- **Task requirements**
Look in the material below for the line with "Artline 200 Fine" and the line with "Питер Пауль Рубенс.", then set down exactly those two lines and all lines between, nothing more.

- **Supplied entries**
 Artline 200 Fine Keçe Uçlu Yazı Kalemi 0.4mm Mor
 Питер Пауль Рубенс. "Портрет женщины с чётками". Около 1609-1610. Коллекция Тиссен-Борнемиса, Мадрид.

==

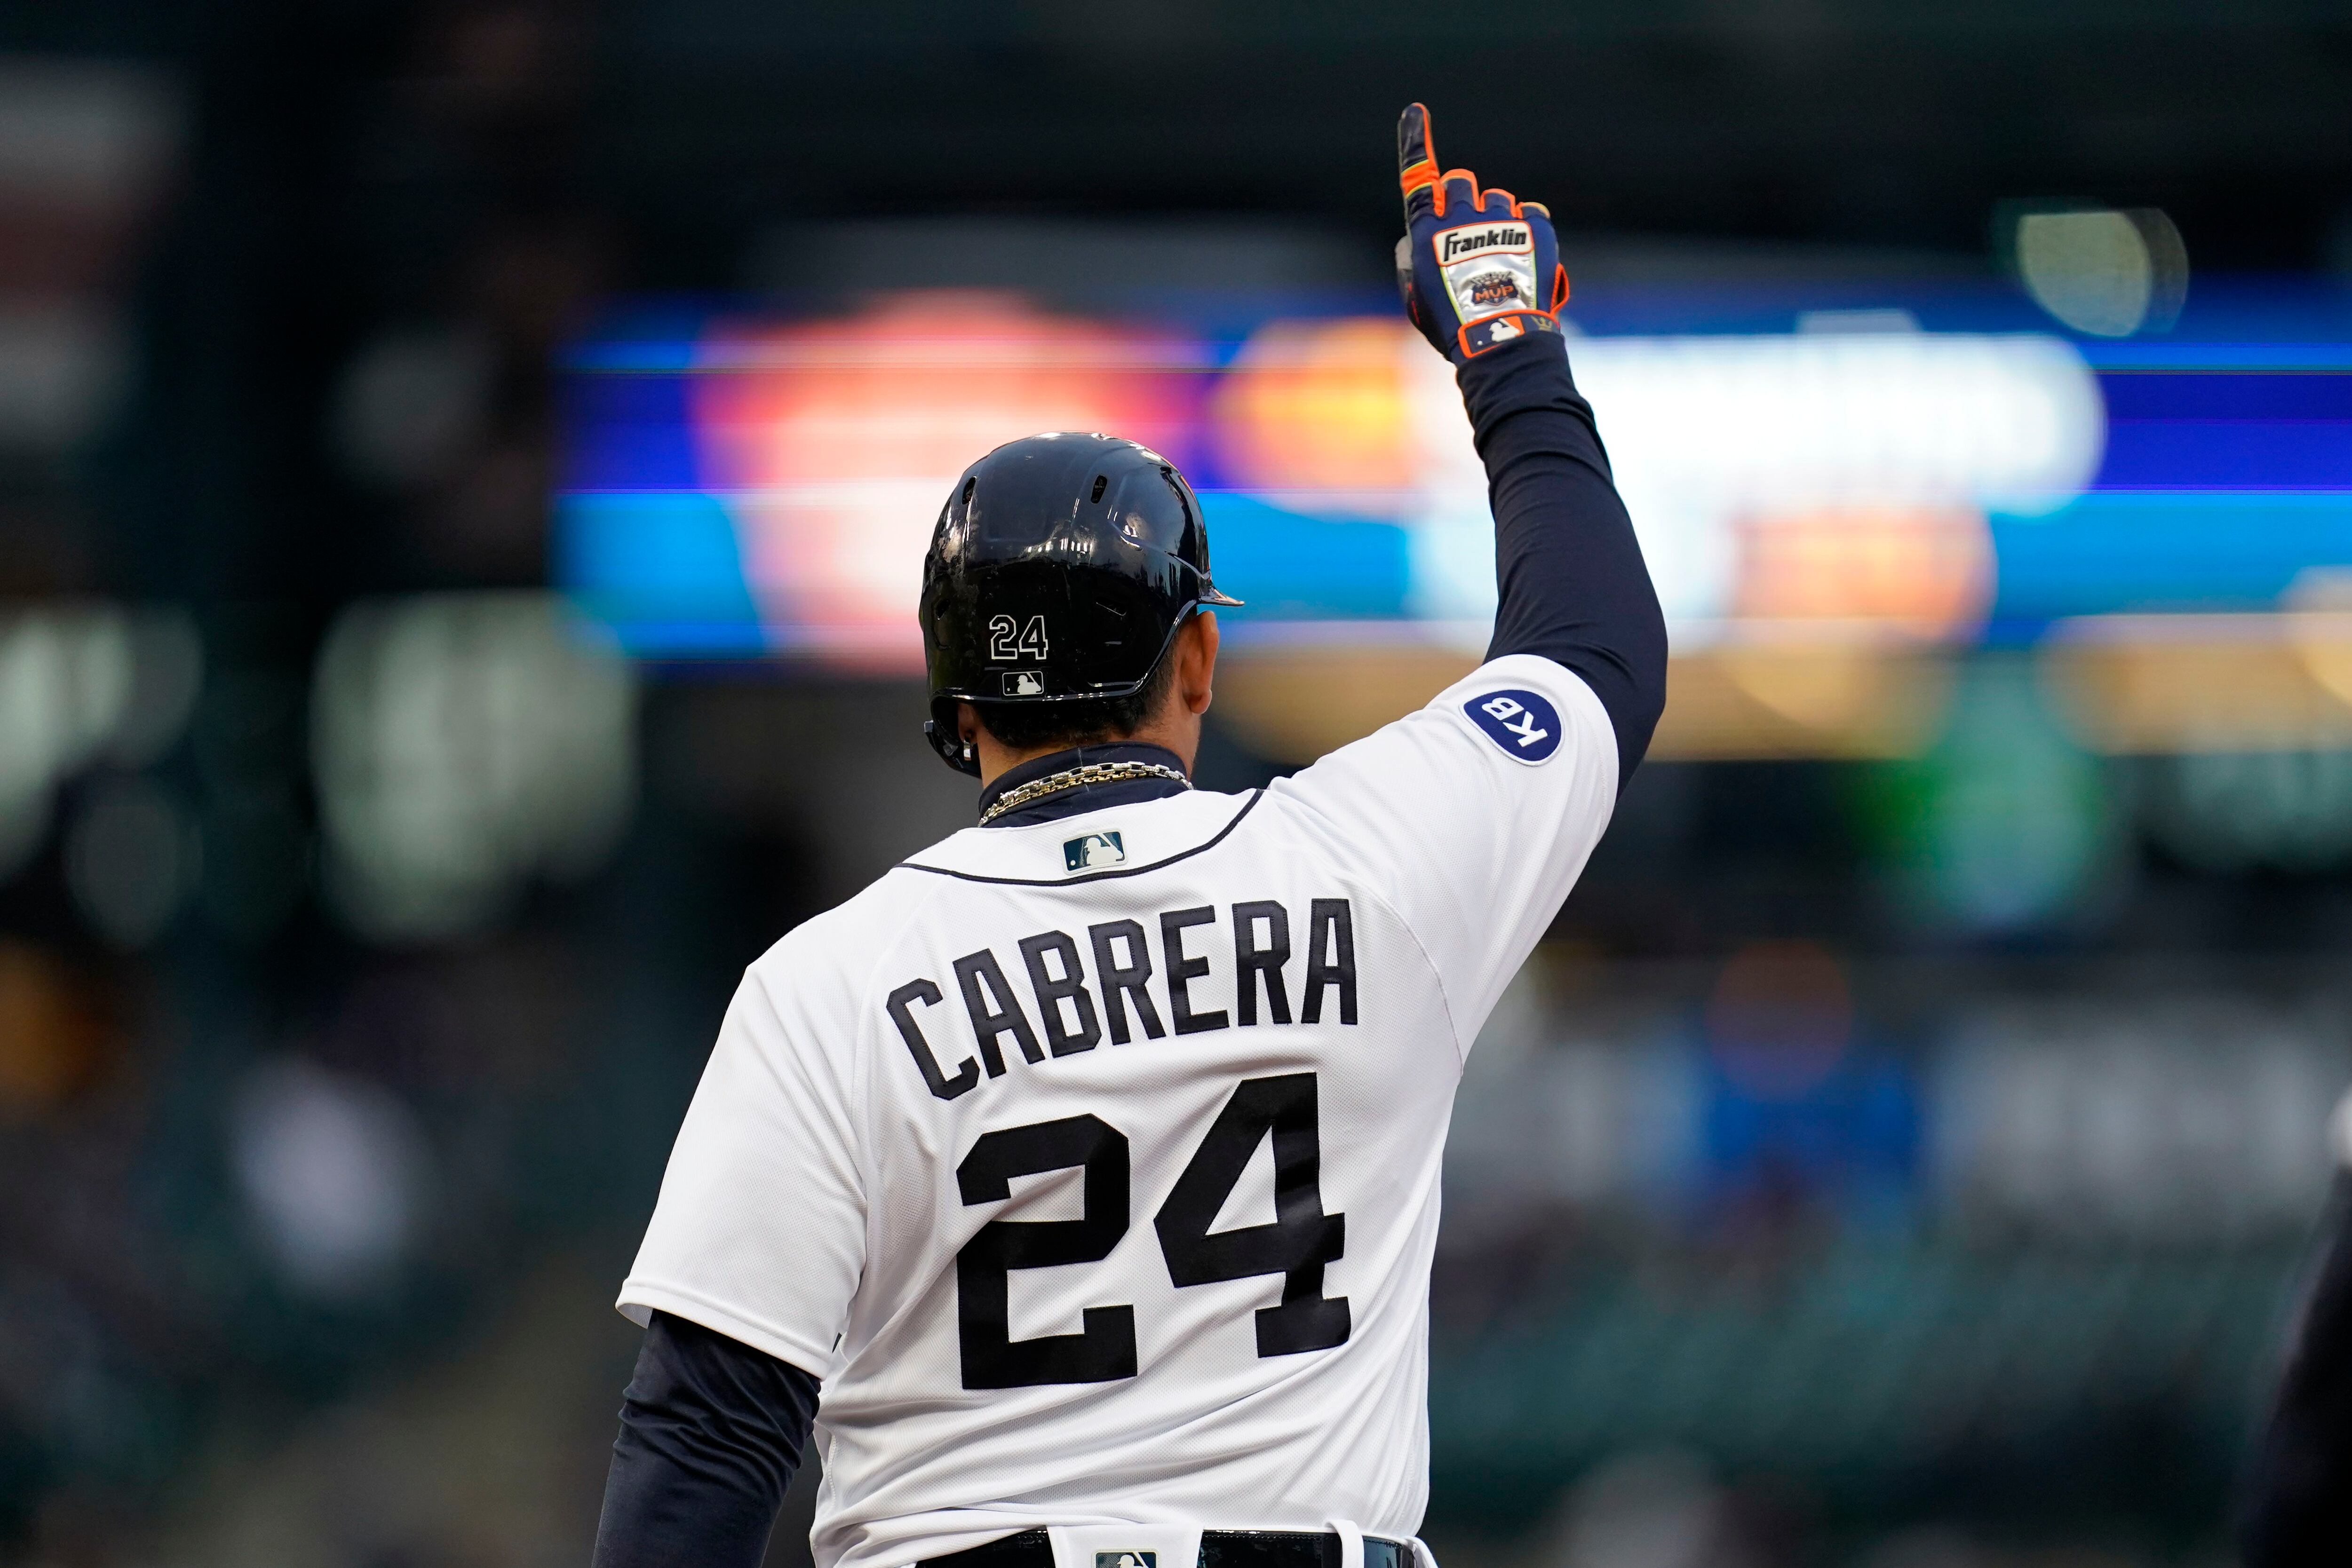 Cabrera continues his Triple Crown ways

- **Solution**
 Artline 200 Fine Keçe Uçlu Yazı Kalemi 0.4mm Mor
 Питер Пауль Рубенс. "Портрет женщины с чётками". Около 1609-1610. Коллекция Тиссен-Борнемиса, Мадрид.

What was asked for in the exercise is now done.